Give back exactly the lines of the entries below from the line with "Louis Vuitton lance" to the line with "e44900d4c raquete de", inclusive, and only those.
::: Data under study
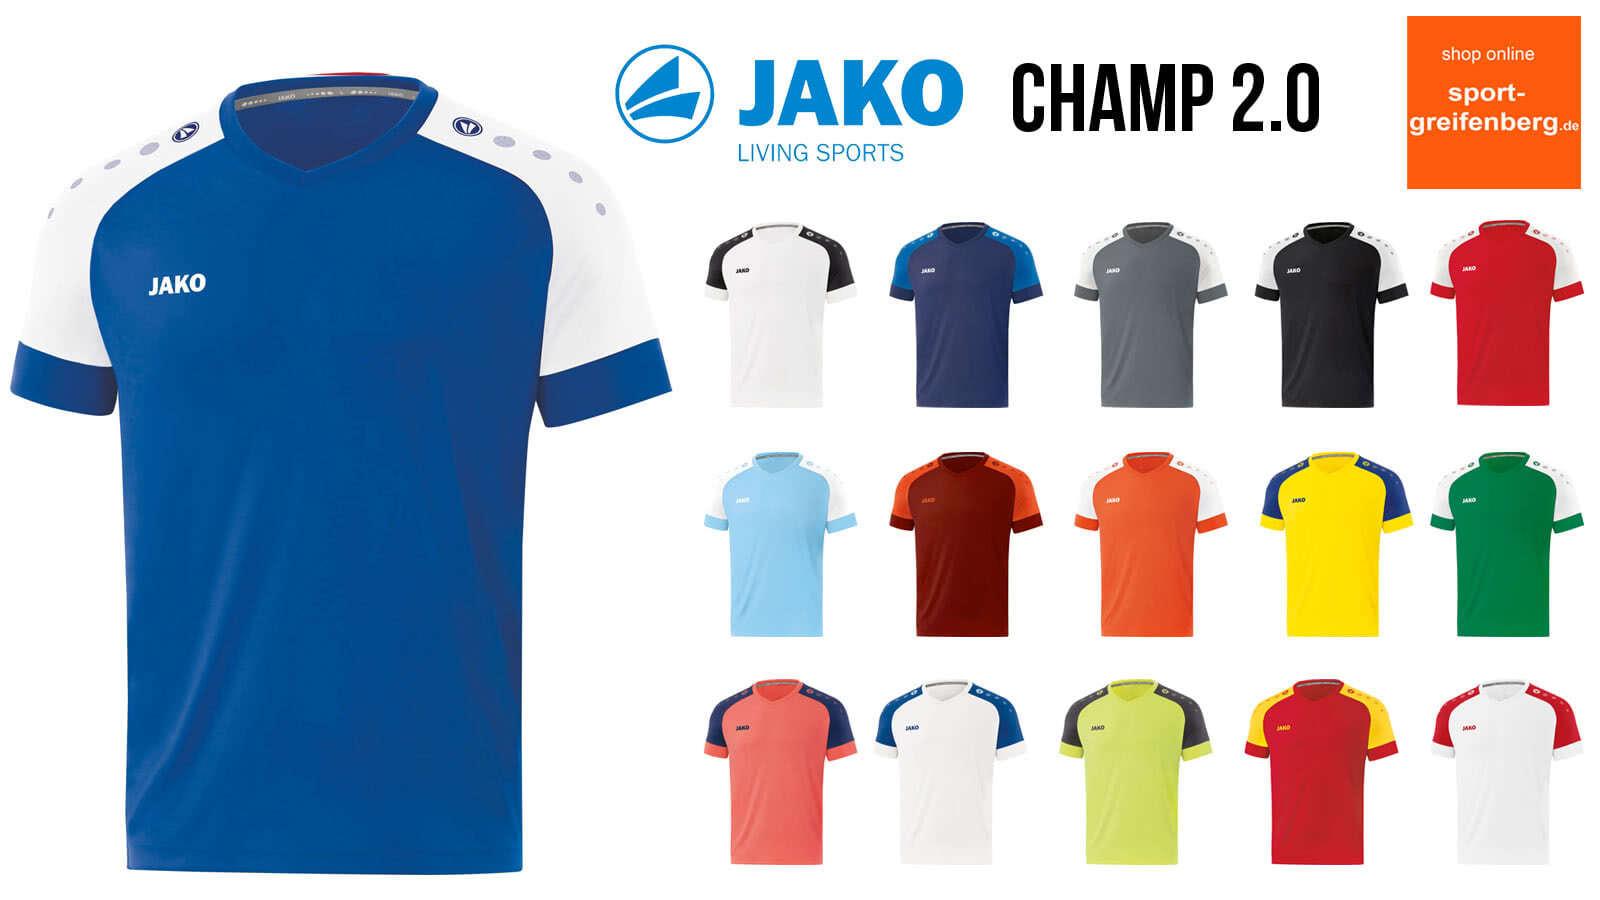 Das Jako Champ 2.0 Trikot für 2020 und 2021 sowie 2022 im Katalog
::::::
::: Data under study
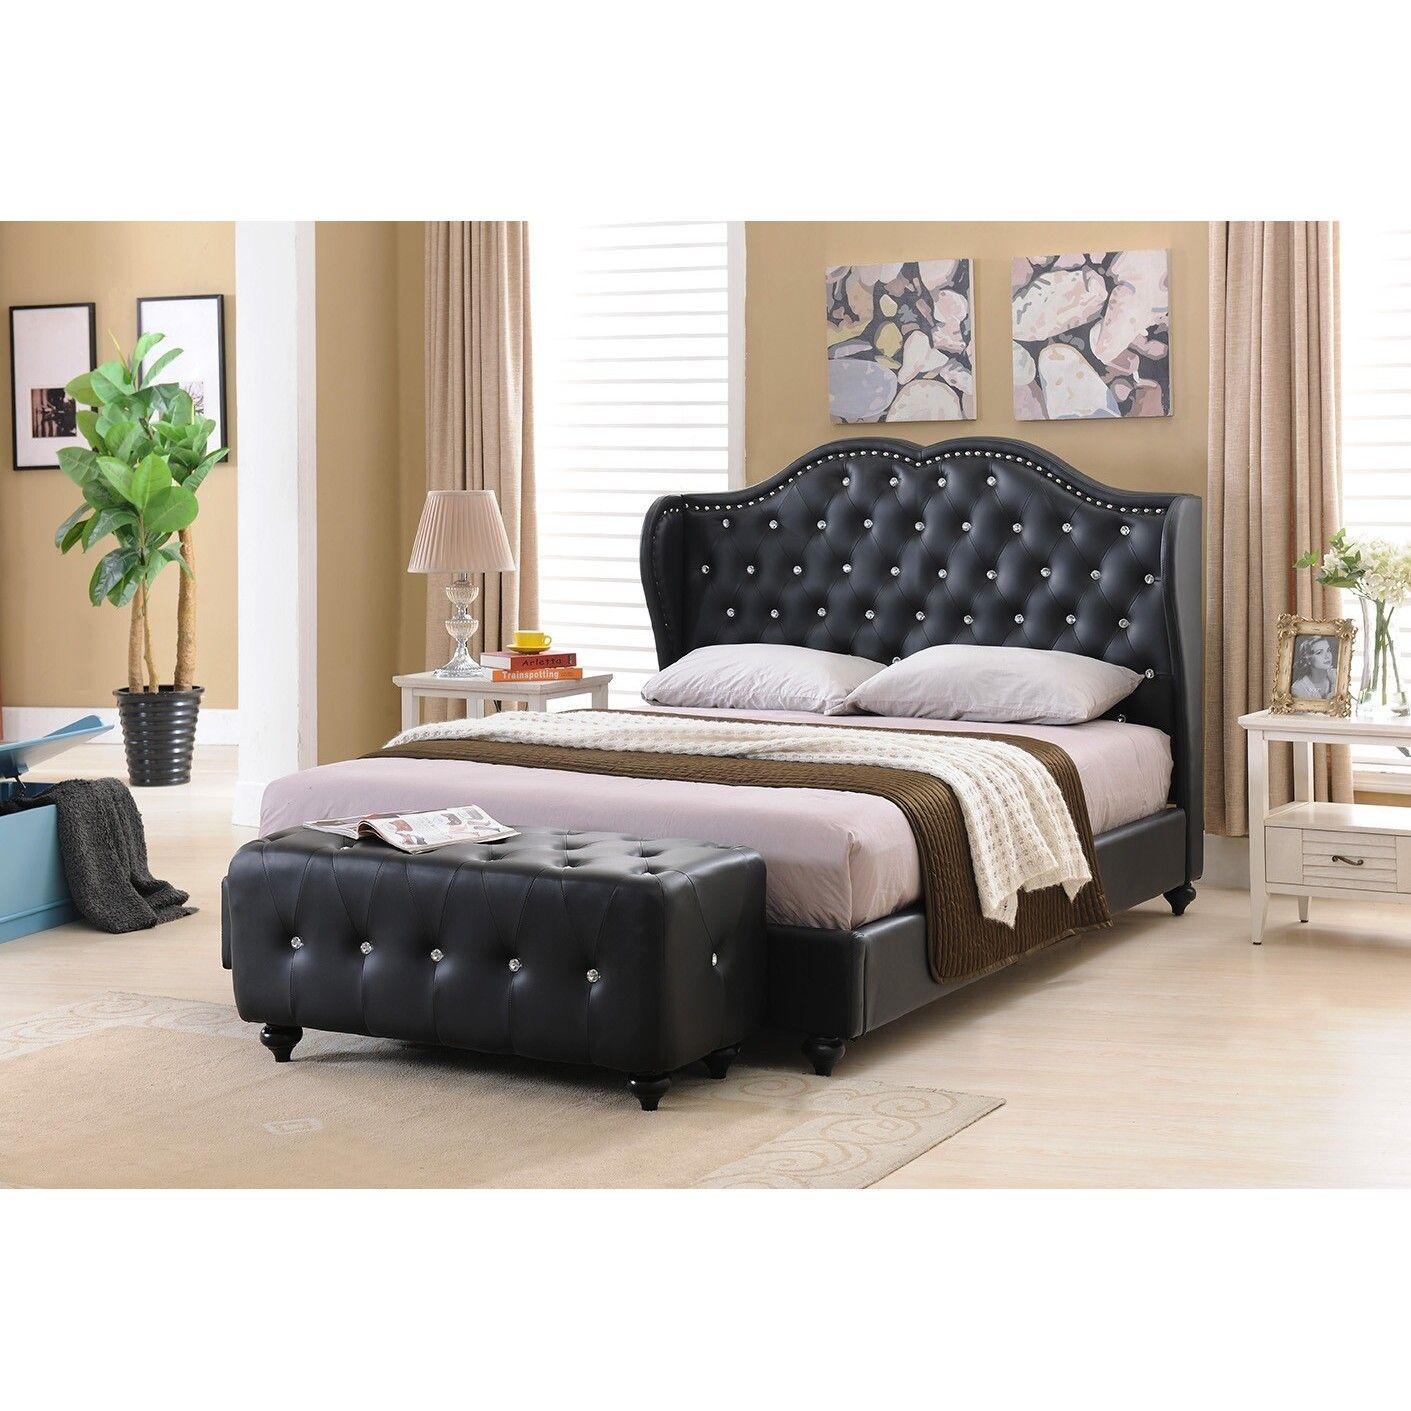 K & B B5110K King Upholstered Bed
::::::
::: Data under study
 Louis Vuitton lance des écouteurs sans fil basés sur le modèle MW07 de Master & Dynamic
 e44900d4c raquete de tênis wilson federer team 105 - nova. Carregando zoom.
::::::
**Response area**
 Louis Vuitton lance des écouteurs sans fil basés sur le modèle MW07 de Master & Dynamic
 e44900d4c raquete de tênis wilson federer team 105 - nova. Carregando zoom.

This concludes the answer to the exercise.